Just tell this woman to fuck off and never speak to her again.

strawberrycloud · 15/04/2019 13:54

I can't see that there is anything to be gained from speaking to her on the phone.

There is nothing to 'discuss'. She is clearly not ringing to apologise, she is ringing to try and talk you round. Don't give her the opportunity.

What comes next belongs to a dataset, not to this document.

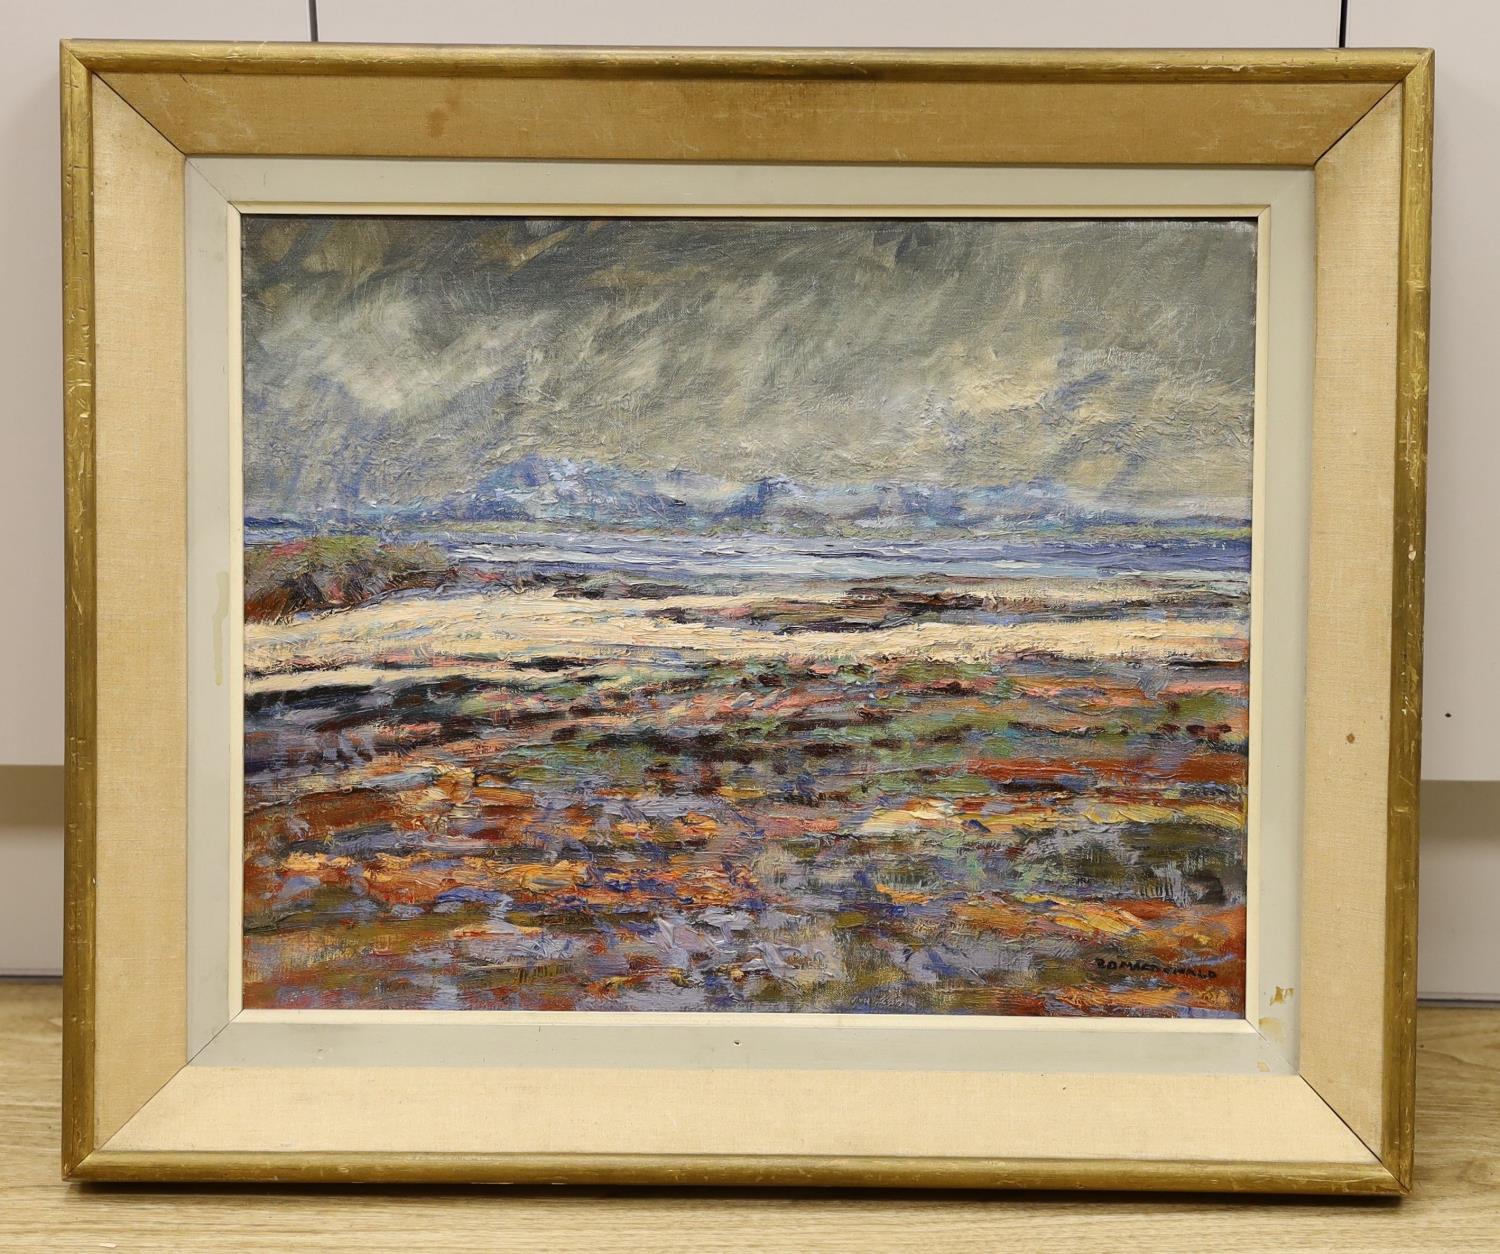 Sir Roderick Macdonald (1921-2001), oil on canvas, 'Low water, Loch Snizort, Skye', signed, 40 x - Image 2 of 4

SandAndSea · 15/04/2019 13:57

How about sending something like this?

"Something tells me that tonight's call is more about you trying to get me to pay for your curtains, than it is about you apologising for the horrible position you have put me in. I've got to be honest, I'm shocked at how grabby and entitled you are! You are not the friend I thought you were. I wish you well for the future but I think we should leave it there."

Then block.

And then you will have closure. Smile

OhDearGodLookAtThisMess · 15/04/2019 13:58

I just don't think you're strong enough in your own conviction here that you don't need to pay her ANYTHING. I think that you're too vulnerable in a phone conversation to being persuaded to give more than you're happy about.
Even amongst some wealthy people I know, that amount of money for a gift would be unthinkable. That they seriously expected you to pay it (without even having a conversation about it) is beyond comprehension and an indication that they must move in a different stratosphere of wealth to most people, in which case they should need to be "desperate" and asking for you to bale them out. I wish this was a troll post in a way.